Юбка доспеха была тоже чешуйчатой и доходила до середины бедра. По бокам ее были разрезы, иначе про полноценную работу ногами, можно было бы забыть.
Защита ног, также была уникальной, аналогов которой в летописях не найдешь. Это, своего рода, система ремней со щитками. Цеплялась она к поясу, под бронь. Щитки прикрывали бедра спереди и с боков, и фиксировались ремешками с тыльной стороны. Наколенники были небольшими и прикрывали только чашечку, крепясь под коленом ремешком, а сверху присоединялись к ременной системе защиты бедер.
Голени и стопы прикрывали кожаные и высокие, чуть ниже колена, сапоги, на внешней стороне которых, имелись ножны, для засапожников, и без каблуков. От каблуков я отказался еще в детстве, предпочитая прямую подошву из толстой, но мягкой кожи.

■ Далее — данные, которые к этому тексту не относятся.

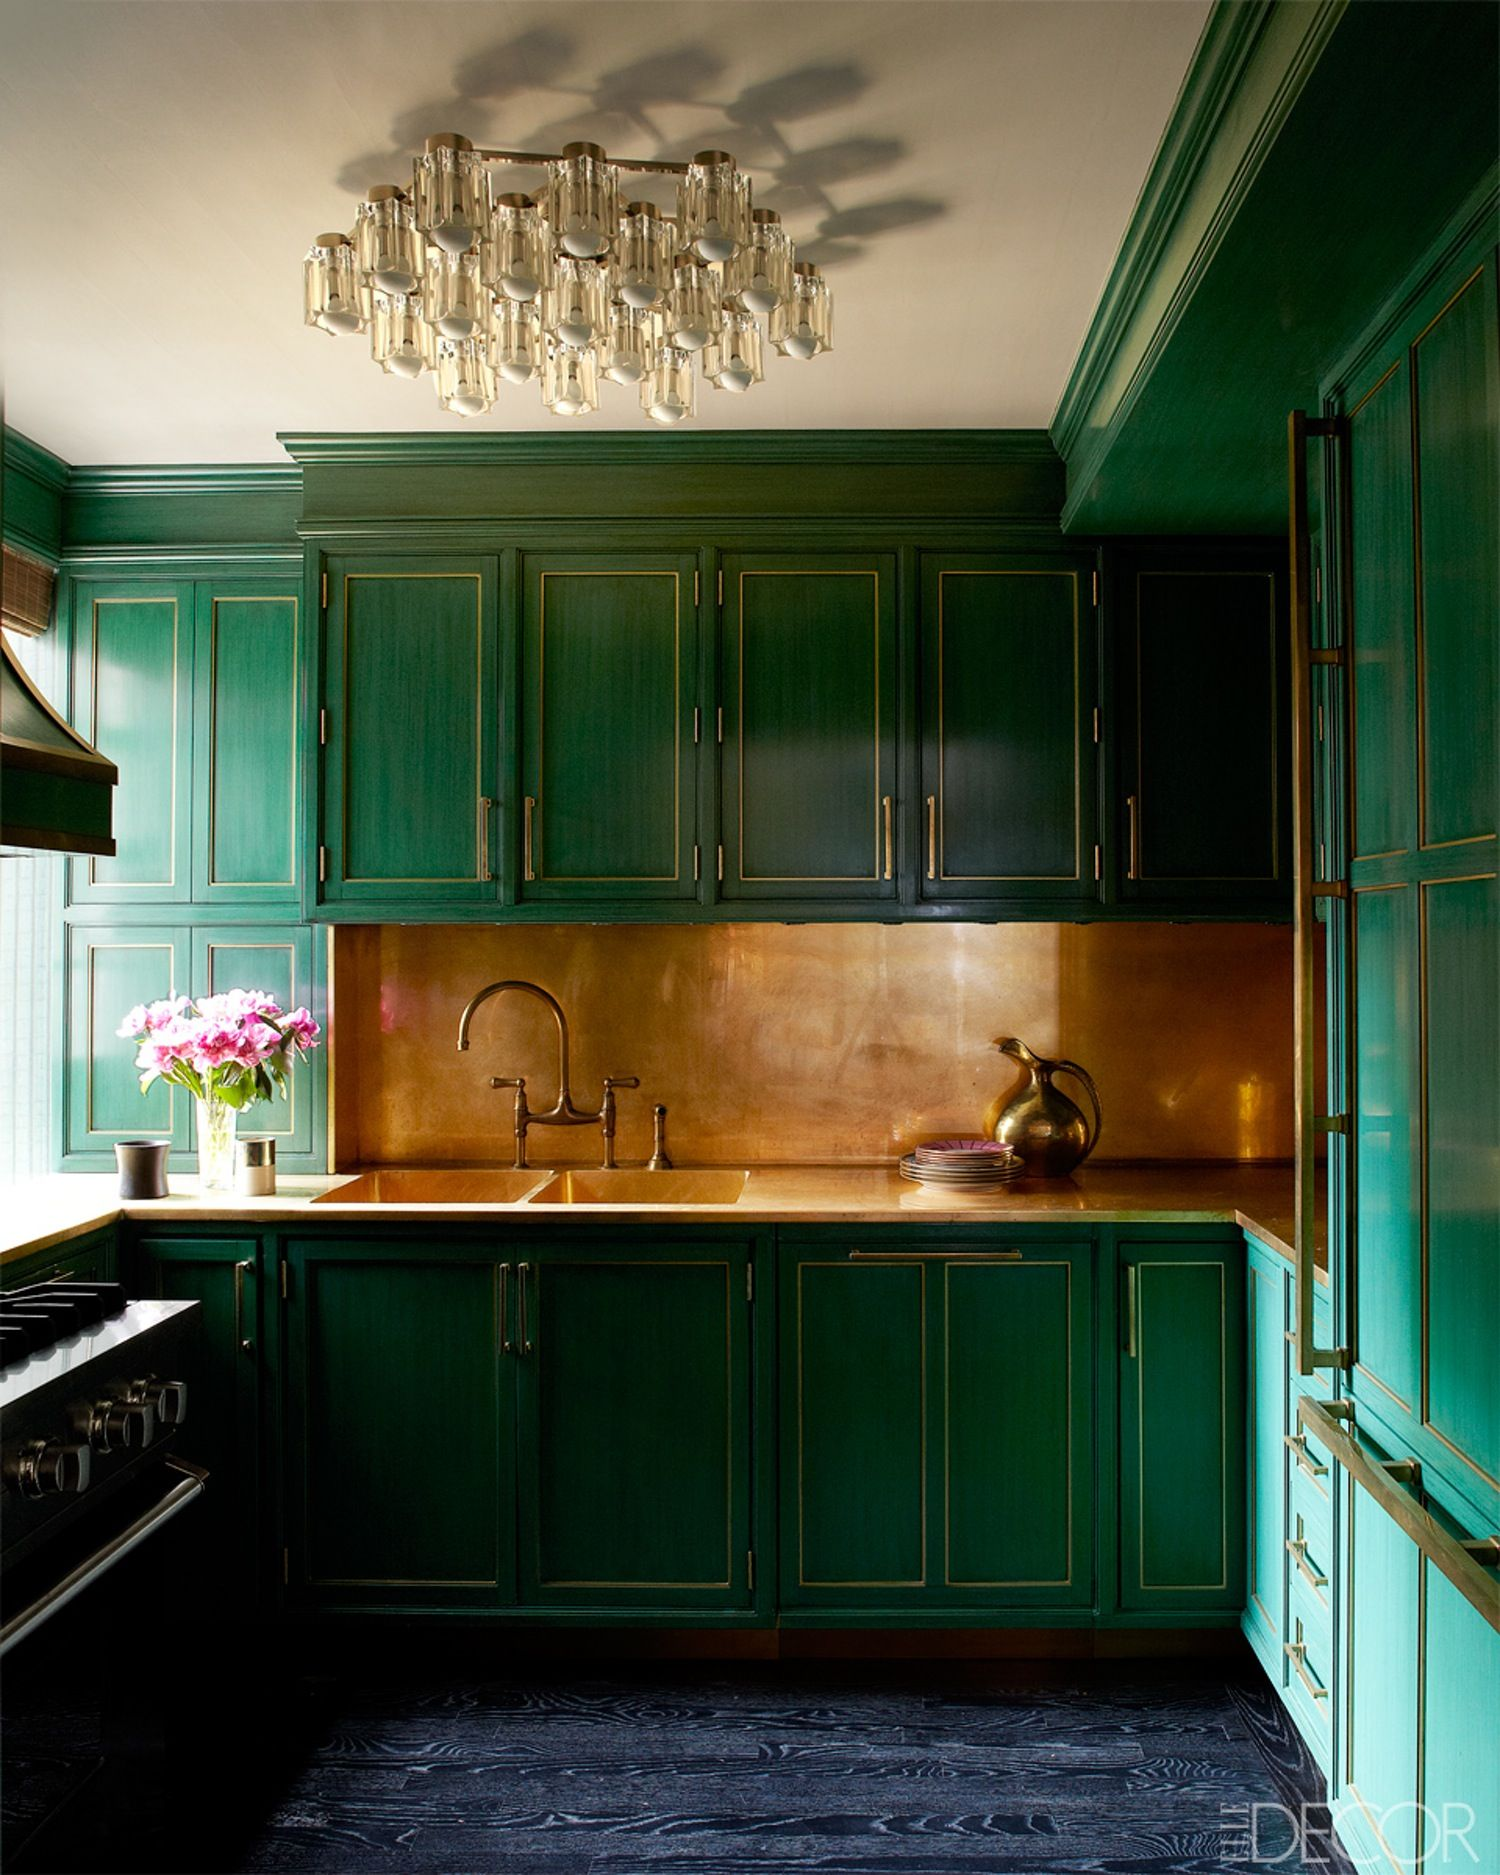 Cameron Diaz s Manhattan Kitchen Is a Gorgeous Little Jewel Box

Предплечья, прикрывали металлические наручи, с кожаной подкладкой, между которыми, имелись ниши, для небольших ножей с Т-образными рукоятками. По одному на каждое предплечье.
Перчатки, а у меня были именно перчатки, а не латные рукавицы, как у древних воинов, были из тонкой кожи. Чтобы можно было не только бить и рубить врага, но и в нужный момент выстрелить из лука, причем с любой руки. Правда, выстрел левой рукой у меня хромал, по той причине, что доминирующий глаз правый, а стрелять левой рукой из лука и целиться правым глазом, нереально. Но отец обнадеживал тем, что в реальном бою, на практике, я быстро освою и этот прием. Это был один из тех, непонятных мне, звоночков, из-за которых, я даже не знал, что отец имеет в виду.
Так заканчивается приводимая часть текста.